Reputation: 542
I have this data.table
library(data.table)
data.table(
id = c(rep(1, 3), rep(2, 2)),
begin = c(1, 4, 8, 1, 11),
end = c(3, 7, 12, 10, 12),
state = c("A", "B", "A", "B", "A")
)
I would like to have this output :
data.table(
id = c(1, 2),
m1 = c("A", "B"),
m2 = c("A", "B"),
m3 = c("A", "B"),
m4 = c("B", "B"),
m5 = c("B", "B"),
m6 = c("B", "B"),
m7 = c("B", "B"),
m8 = c("A", "B"),
m9 = c("A", "B"),
m10 = c("A", "B"),
m11 = c("A", "A"),
m12 = c("A", "A")
)
Those who used to do sequence analysis may have recognized that I'm trying to do what seqformat
do in the TRaMiNeR
package would do, but with higher performance due to use of data.table
Upvotes: 2
Views: 106
Reputation: 83215
An alternative solution:
dt[, unlist(Map(`:`, begin, end)), by = .(id, state)

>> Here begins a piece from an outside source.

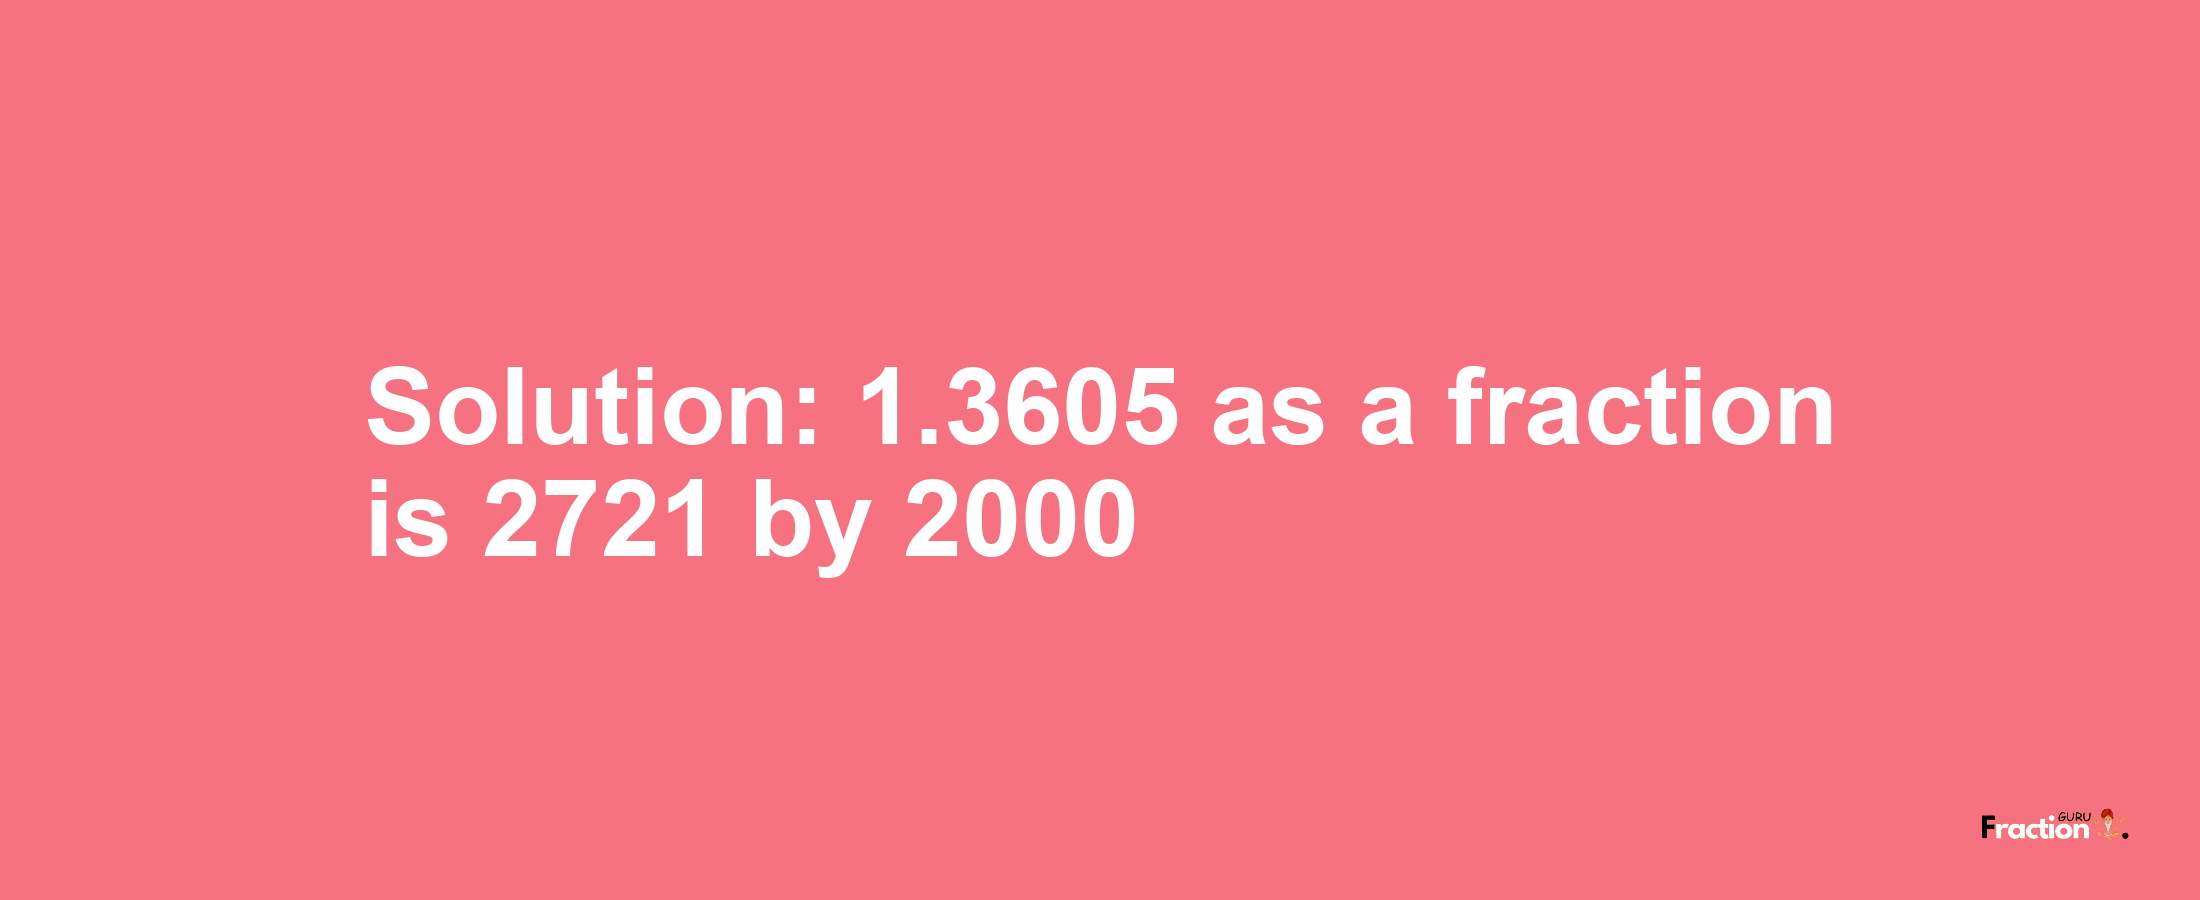 Solution:1.3605 as a fraction is 2721/2000

][, dcast(.SD, id ~ sprintf("m%02d", V1), value.var = "state")]
which gives:
id m01 m02 m03 m04 m05 m06 m07 m08 m09 m10 m11 m12 1: 1 A A A B B B B A A A A A 2: 2 B B B B B B B B B B A A
It is possibly better to keep the data in long format. Long format is often easier to work with in R later on in your data processing/analysis.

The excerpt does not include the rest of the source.